How to understand "the potential energy in an EM field is determined by $\phi$ alone"?

Question

Goldstein page 342,

Consider a single particle (non-relativisitic) of mass $m$ and charge $q$ moving in an electromagnetic field.

The Lagrangian is $$ L = T-V = \frac{1}{2}mv^2-q\phi +q\vec{A}\cdot \vec{v}. \tag{p.341}$$

Using Cartesian coordinates as generalized coordinates, the Lagrangian is $$ L = \frac{m}{2}\dot{x_i}\dot{x_i} + qA_i\dot{x_i}-q\phi \tag{8.32}$$

Because of the linear term in the generalized velocities, $qA_i\dot{x_i}$, the Hamiltonian is not $T+V$.

Then what really confused me is the following:

The Hamiltonian is still the total energy since the "potential" energy in an electromagnetic field is determined by $\phi$ alone.
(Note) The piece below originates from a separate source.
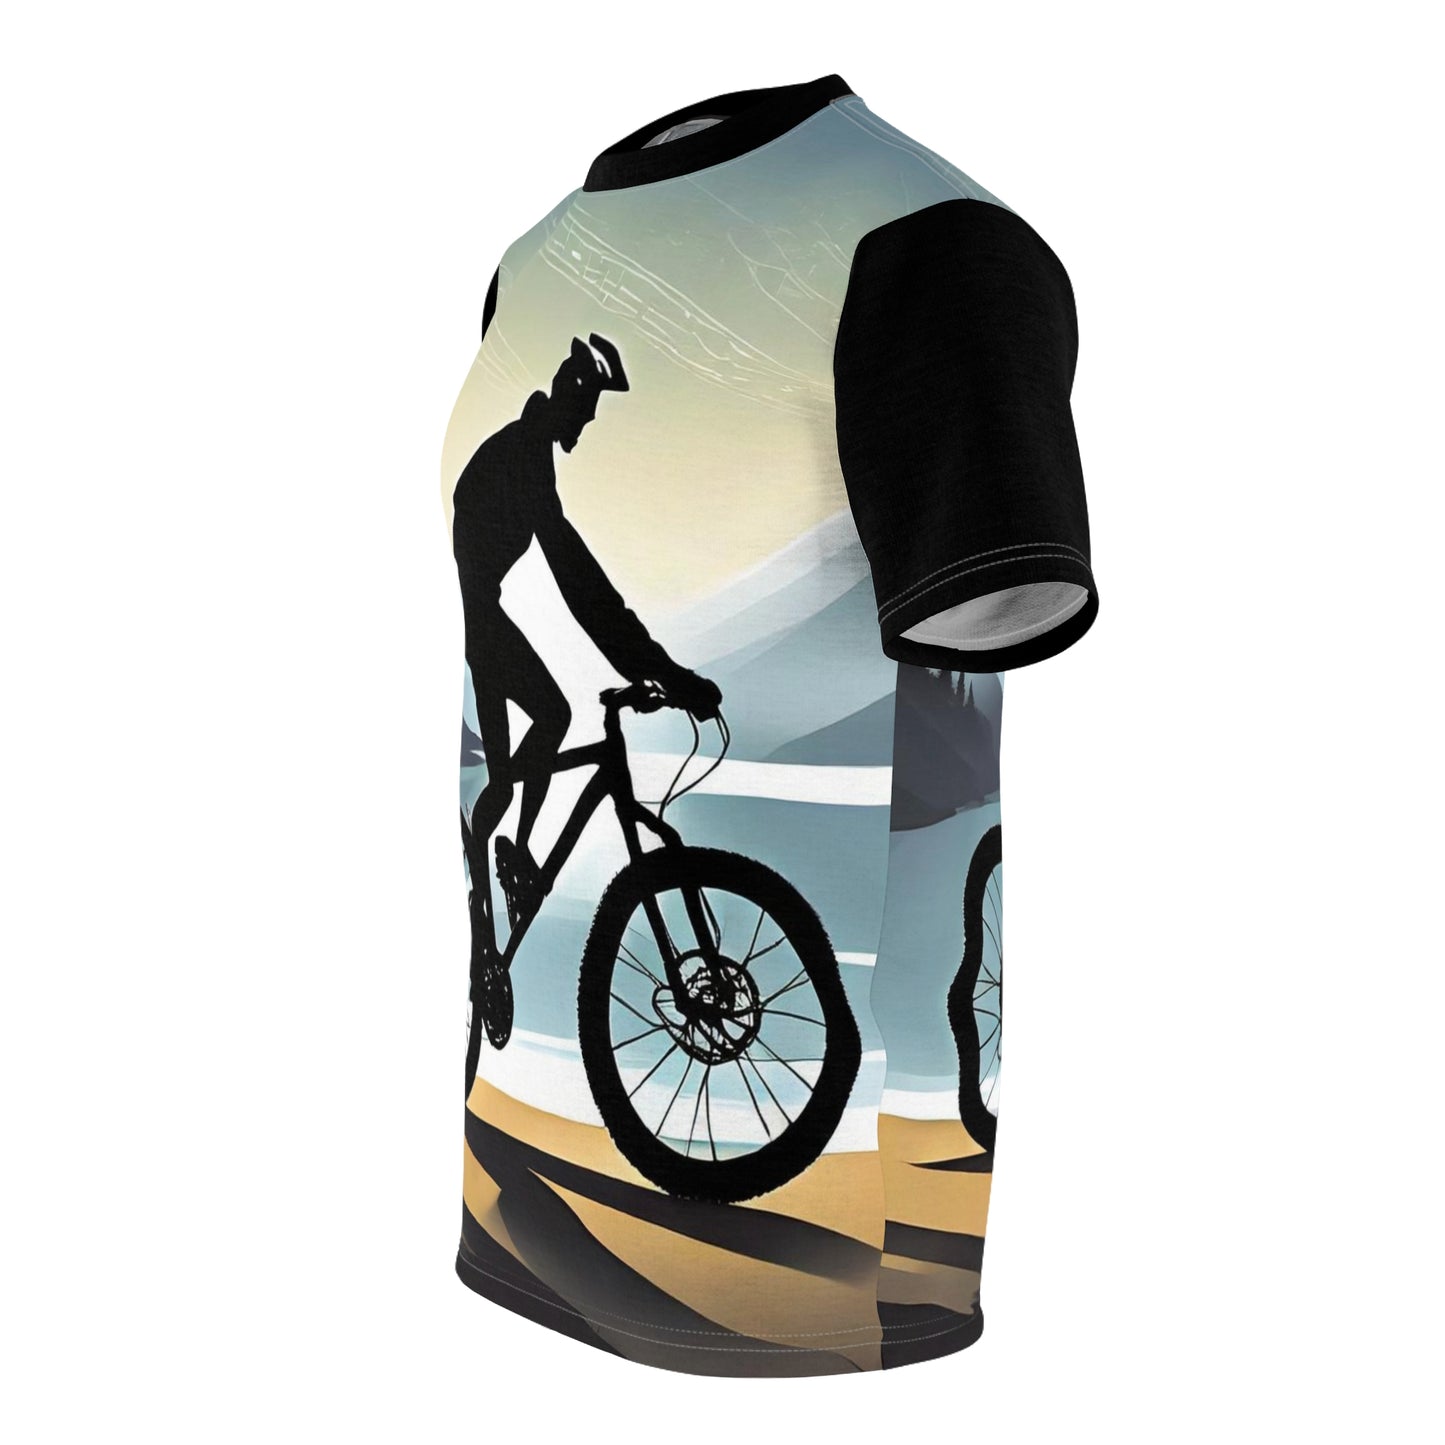 Men's Cut & Sew Tee (AOP)Eco Velo E Bicycle Rider t-shirt

I have known that there are two conditions must be satisfied if the Hamiltonian is the total energy:

• the equations defining the generalized coordinates don't depend on time explicitly.
• the forces are derivable from a conservative potential $V$.

From Eq.(8.32), I think the potential $V$ should be $q\phi-\sum_i qA_i\dot{x_i}$, and since the potential is not an explicit function of time, I think it is conservative.

I want to know how to understand "the potential energy in an EM field is determined by $\phi$ alone"? I think this potential $V$ should be the function of the position and velocity. $$ V(x_i,\dot{x_i}) = q\phi-qA_i\dot{x_i}$$

And there may be some mistakes, please point them out and correct me.

Answer 1

Have you computed the Hamiltonian explicitly? It should take the form $$H(\mathbf x,\mathbf p) = \frac{1}{2m}\big(\mathbf p -q\mathbf A(\mathbf x)\big)^2 + q\phi(\mathbf x)$$

where

$$\mathbf p = \frac{\partial L}{\partial \dot {\mathbf x}} = m \dot{\mathbf x} + q\mathbf A \iff \dot{\mathbf x} = (\mathbf p - q\mathbf A)/m$$

So the first term in the Hamiltonian can be understood as the kinetic energy of the particle, and the second term as the potential energy.

Answer 2

Its basically referring to the fact that the last term in the Lorentz force $F=q(\vec{E}+\vec{v}\times\vec{B})$ involves a force that is always perpendicular to the velocity and therefore doesnt contribute to the particles energy. Two uses of the word potential is being used, on the one hand the generalized potential $V$ certainly contains the term with $A\dot{x}$. On the other hand, as the term involving $A$ in the Lorentz force doesnt contribute to the energy, it isnt part of the potential energy in that sense. Note also that a velocity dependent pontential is not really considered conservative, and although the Lorentz force is conservative when using one of the "equivalent" criterias for a conservative force (via the fact that it doesnt do work), it fails to meet the others.